What information do we collect about you?
In order to provide our clients with better services and products, we need to collect different types of information, such as (list non-exhaustive):
- name, surname, date of birth, etc;
- nationality, country of birth, tax residency, etc;
- PEP status, etc;
- marital status, nominated beneficiaries, etc;
- financial data such as payslips, pension statements, bank statements, etc.
It may also include special categories of personal data such as data about your health, as this will affect our advice and is required for insurance or annuity contracts, if this is necessary.
How will we use the information about you?
We typically collect personal data about you when you provide information to us or others acting on our behalf, when communicating or transacting with us in writing, electronically, or by phone
In addition, we may receive personal information about you from third parties, such as public sources or information vendors, your bank, your legal, financial, tax or other professional advisers, introducers, distributors or other intermediaries who market or provide services to you.
Who might we share your information with?
In order to deliver our services to you effectively we may also send your details to third parties such as those that we engage for professional compliance, accountancy or legal services as well as product and platform providers that we use to arrange financial products for you.
We may transfer the personal data we collect about you to non-EEA countries. Those countries may not have the same standard of data protection laws as the EEA. Where this is the case, unless an exemption applies, we will seek to put in place appropriate safeguards where possible, such as the EEA approved standard contractual clauses to ensure that your personal data is treated in a manner that is consistent with and respects the EEA laws on data protection. If you require further information about this you can request it from us.
To fulfil our obligations in respect of prevention of money-laundering and other financial crime we may send your details to third party agencies for identity verification purposes.
We may use your contact details and process your personal data to inform you of relevant opportunities, developments, events and products that may be of interest to you. We may carry out direct marketing in order to inform you, by mail, telephone, email or other electronic means, about other products and services provided by MWC Group, its subsidiaries, affiliates, associates, agents and by carefully selected third parties and for research purposes. We won’t share your information for marketing purposes with companies outside our associated companies.

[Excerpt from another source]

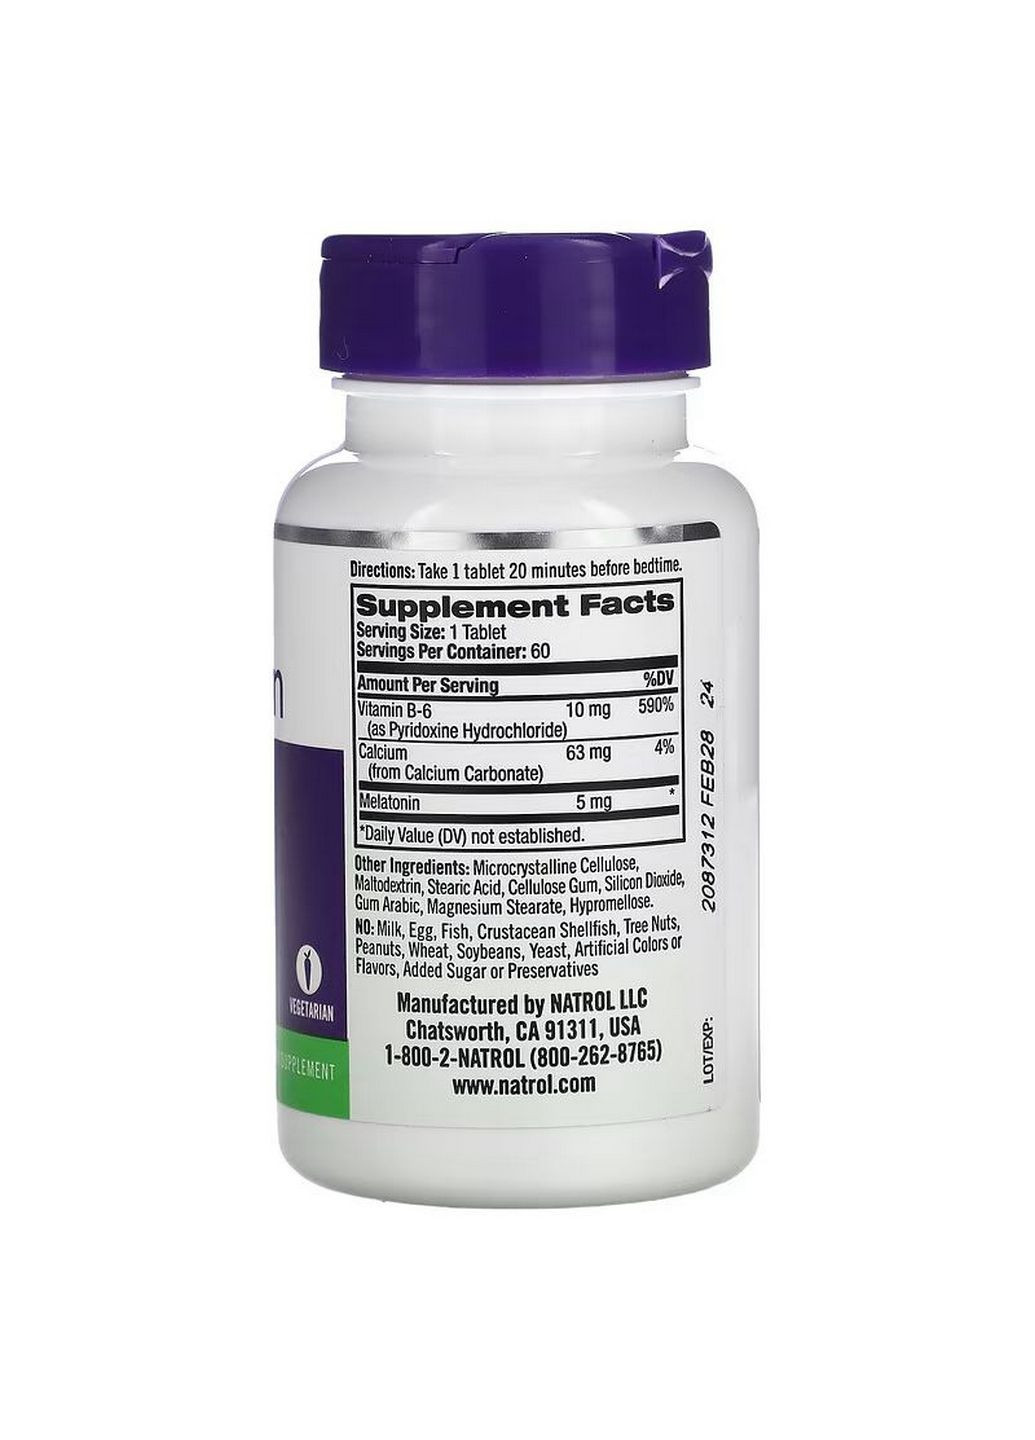 Натуральна добавка Melatonin 5 mg Extra Strength, 60 таблеток Natrol (293481226)

Reasons for processing your personal data
We process your data for the purposes of our legitimate interest so that we can provide you with financial advice & products, investment management and arrange financial services & transactions. The primary legal basis that we intend to use for the processing of your data is for the performance of our contract with you. The information that we collect about you is essential for us to be able to carry out the services that you require from us effectively. Without collecting your personal data we would also be unable to fulfil our legal and regulatory obligations.
How long your personal data will be held
We will retain your personal data for as long as necessary to fulfil the purposes for which it was collected, including for the purposes of satisfying any legal, regulatory, accounting or reporting requirements and our legitimate interests in maintaining such personal information in our records. This will normally include any period during which we are dealing or expect to deal with you and what we consider to be a suitable period thereafter for our internal record-keeping purposes. In doing this we will have regard to the amount, nature, and sensitivity of the personal data, the potential risk of harm from unauthorised use or disclosure of your personal data, the purposes for which we process your personal data and whether we can achieve those purposes through other means, and the applicable legal requirements.
Generally, we will keep information relevant to our dealings with you for not longer than five (5) years following the last date of activity. In some circumstances your personal data may be anonymised so that it can no longer be associated with you, in which case it is no longer personal data. Once we no longer require your personal data for the purposes for which it was collected, we will securely destroy your personal data in accordance with applicable laws and regulations.
How can I access the information you hold about me?
You have rights under data protection laws in relation to your personal data.
You have the right to:
- Request access to your personal data (commonly known as a “data subject access request”). This enables you to receive a copy of the personal data we hold about you.
- Request correction of the personal data that we hold about you. This enables you to have any incomplete or inaccurate data we hold about you corrected, though we may need to verify the accuracy of the new data you provide to us.
- Request erasure of your personal data. This enables you to ask us to delete or remove personal data where there is no good reason for us continuing to process it. You also have the right to ask us to delete or remove your personal data where you have successfully exercised your right to object to processing (see below), where we may have processed your information unlawfully or where we are required to erase your personal data to comply with local law. Note, however, that we may not always be able to comply with your request of erasure for specific legal reasons which will be notified to you, if applicable, at the time of your request.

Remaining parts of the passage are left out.